After then I use a recursive function:

HashMap<String,ArrayList<String>> getChildren(input parent)

,用于创建所需要的数据结构。我们的计划是让HMAP可用(只读)使用功能的getChildren多个线程。

我测试这个方案以90 MB输入文件,它似乎正常工作。然而,有超过380 MB真正的文件运行它导致:

异常线程mainjava.lang.OutOfMemoryError:Java堆空间

我需要在内存中的资源管理有所帮助

推荐答案

不要退房增加你的记忆,别人的建议。此外,您还可以通过Sbodd和其他人的建议表中更好地存储数据。

Do check out increasing your memory, as suggested by others. Also, you can store your data within the table better as suggested by Sbodd and others.

但是,您可能会触犯内存碎片的运行。哈希映射使用数组。大哈希映射用大数组。你是不是说明您的HashMap的大小,所以每次它决定它需要更大的时间,它丢弃旧数组,并分配一个新的。一段时间后,你的记忆将填补丢弃的哈希表的数组,你会得到一个OutOfMemoryException即使你在技术上有足够的可用内存。 (90%的内存可能是可用的,但在片太小,无法使用。)

However, you may be running afoul of memory fragmentation. Hash maps use arrays. Big hash maps use big arrays. You are not specifying the size of your hashmap, so every time it decides it needs to be bigger, it discards its old array and allocates a new one. After a while, your memory will fill up with discarded hash table arrays and you get an OutOfMemoryException even though you technically have plenty of free memory. (90% of your memory could be available, but in pieces too small to use.)

在垃圾收集器(GC)会连续工作到所有这些免费的位组合成足够大,使用块。如果你的程序运行起来慢慢就好了,你会不会有问题,但你的程序正在运行全速和GC是会得到后面。 GC将抛出异常,如果它不能组装空闲块足够大足够快;这一事实,该内存中也不会停止。 (这意味着程序能的运行不会,但它运行很慢并期待真正的坏用户保持JVM)。
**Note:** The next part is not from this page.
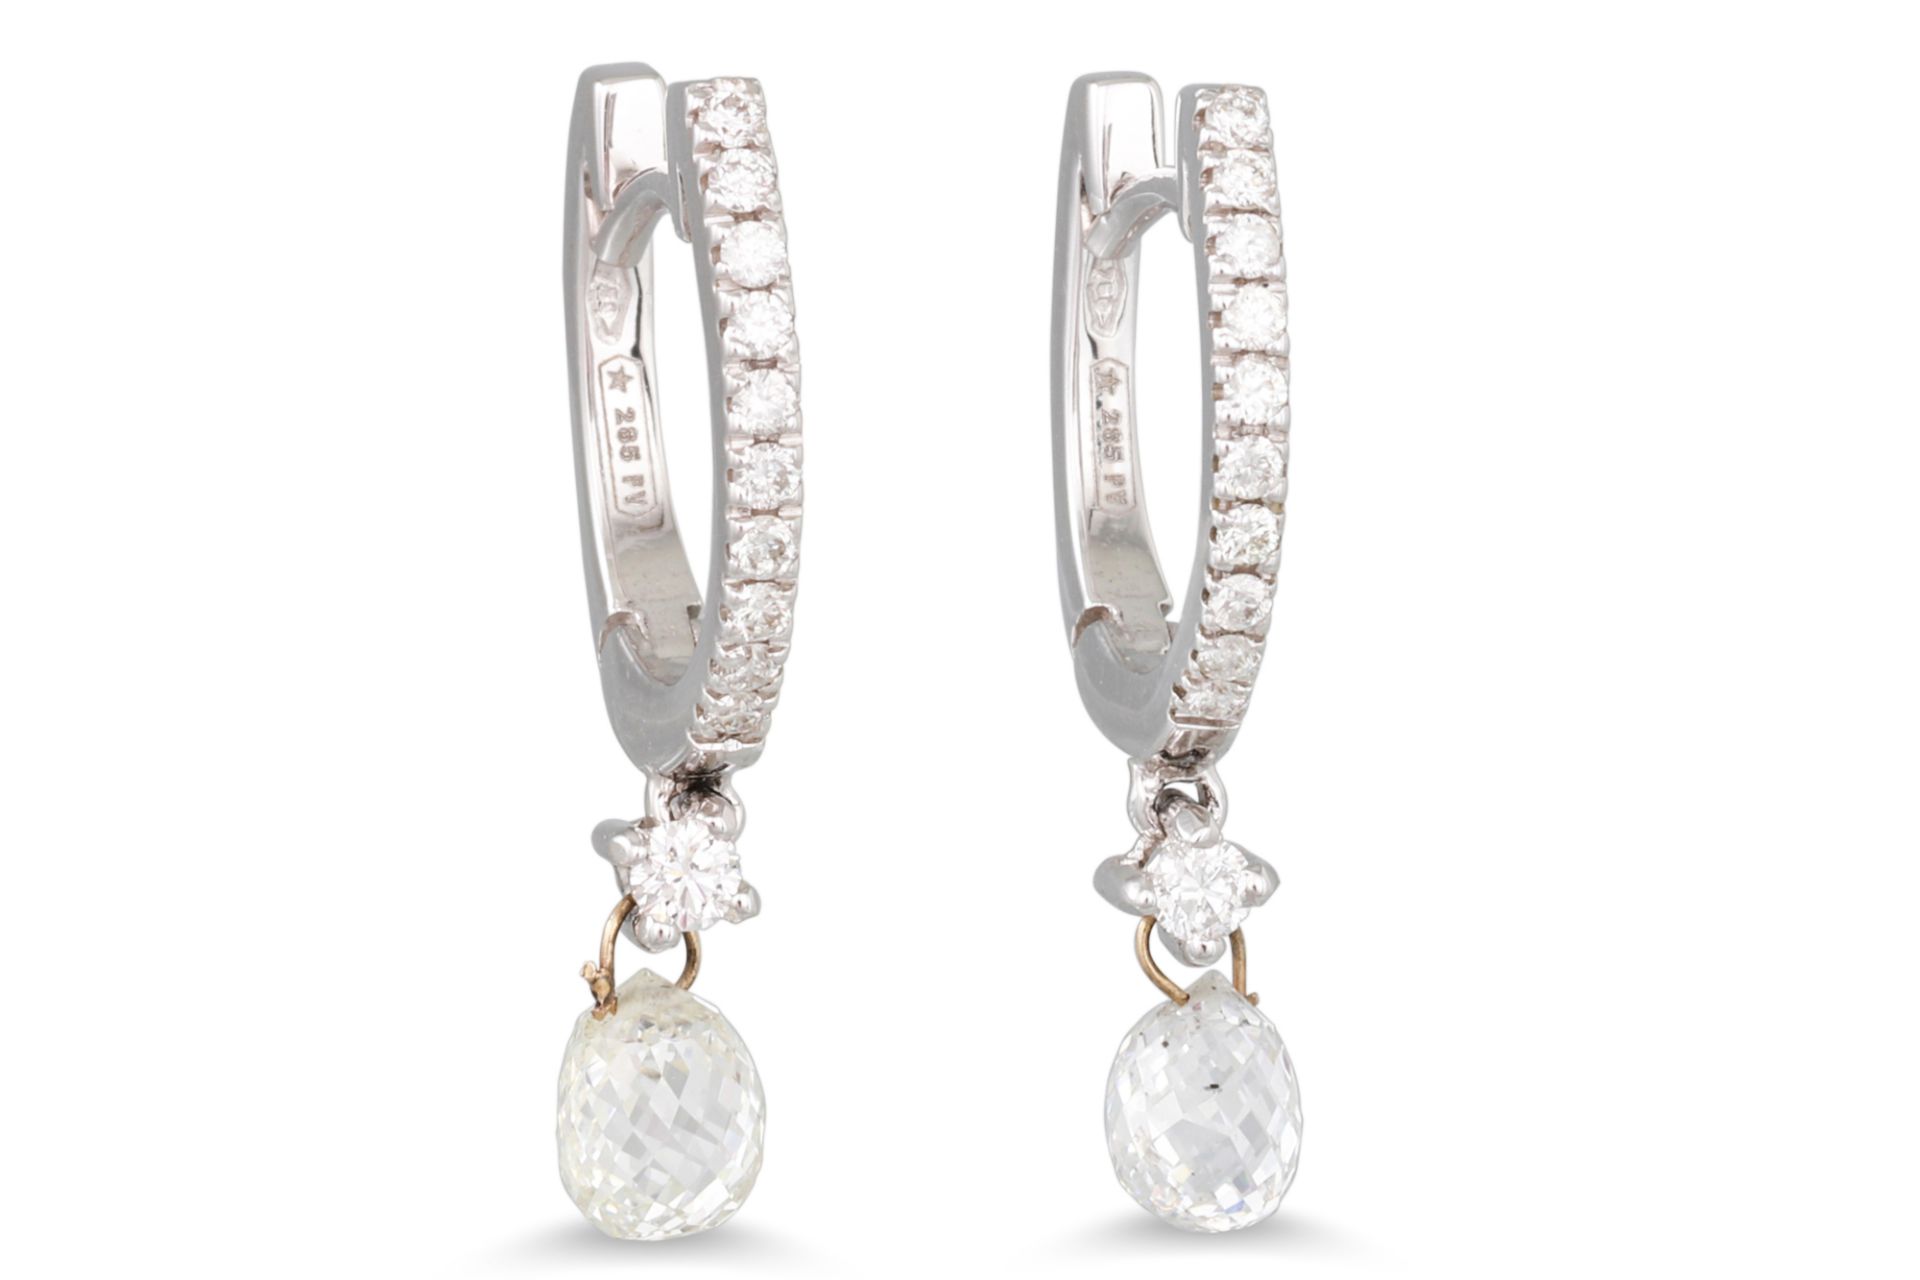 A PAIR OF DIAMOND DROP EARRINGS, the diamond hoops suspending diamond briolette drops, mounted in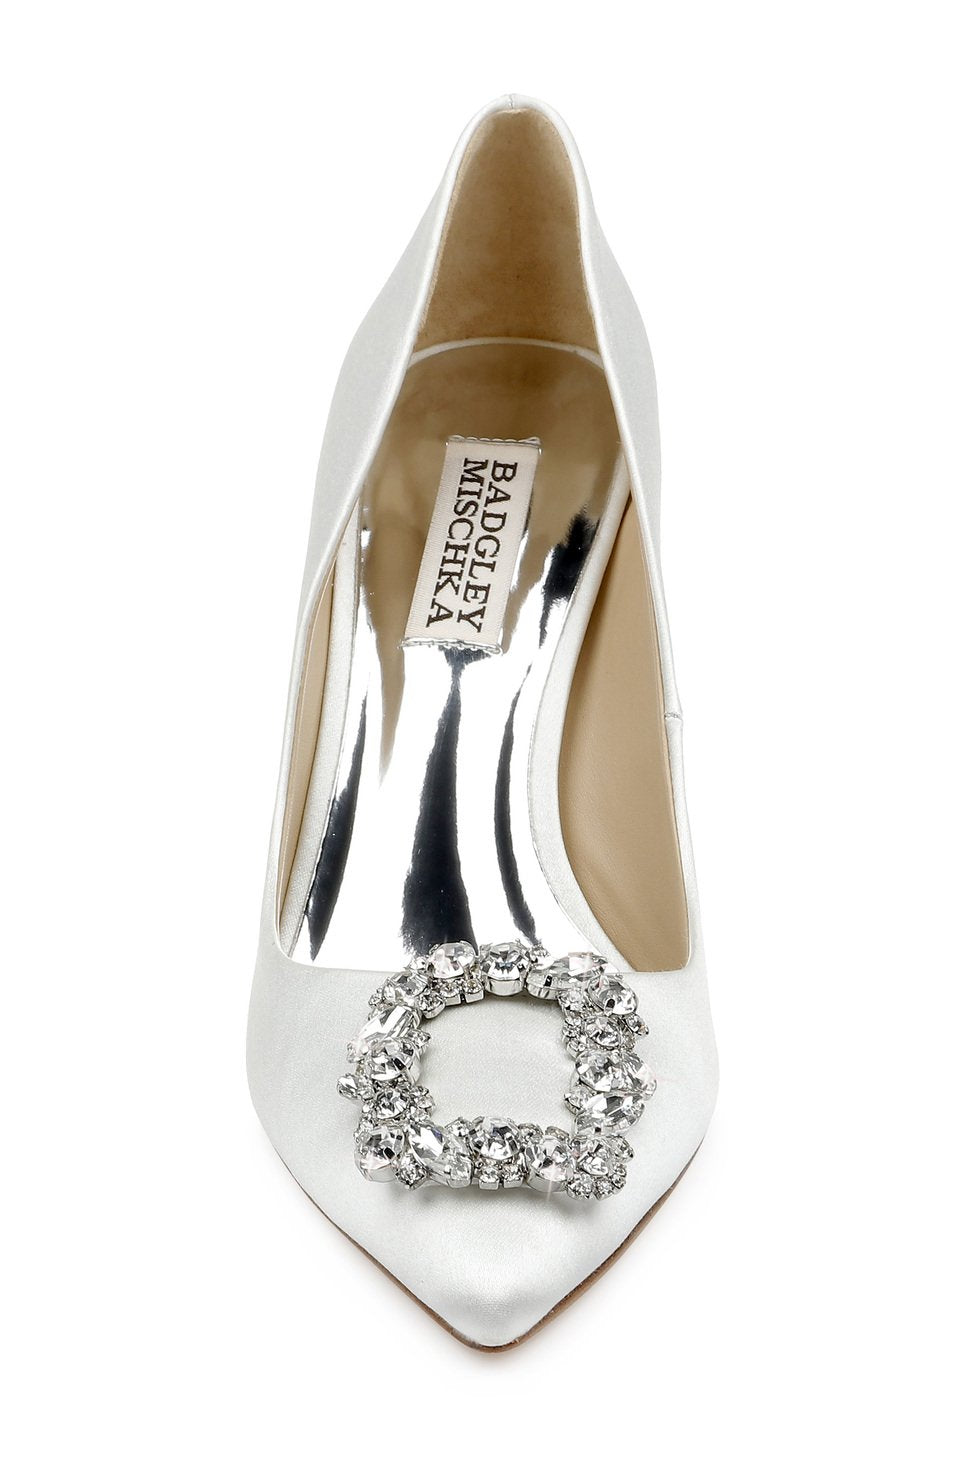 Badgley Mischka Cher Buckle Pointed Wedding Shoes - White

The garbage collector (GC) will work continuously to combine all these free bits into blocks big enough to use. If your program ran slowly enough, you would not have a problem, but your program is running full tilt and the GC is going to get behind. The GC will throw the exception if it cannot assemble a free block big enough fast enough; the mere fact that the memory exists will not stop it. (This means that a program that could run won't, but it keeps the JVM from running real slow and looking real bad to users.)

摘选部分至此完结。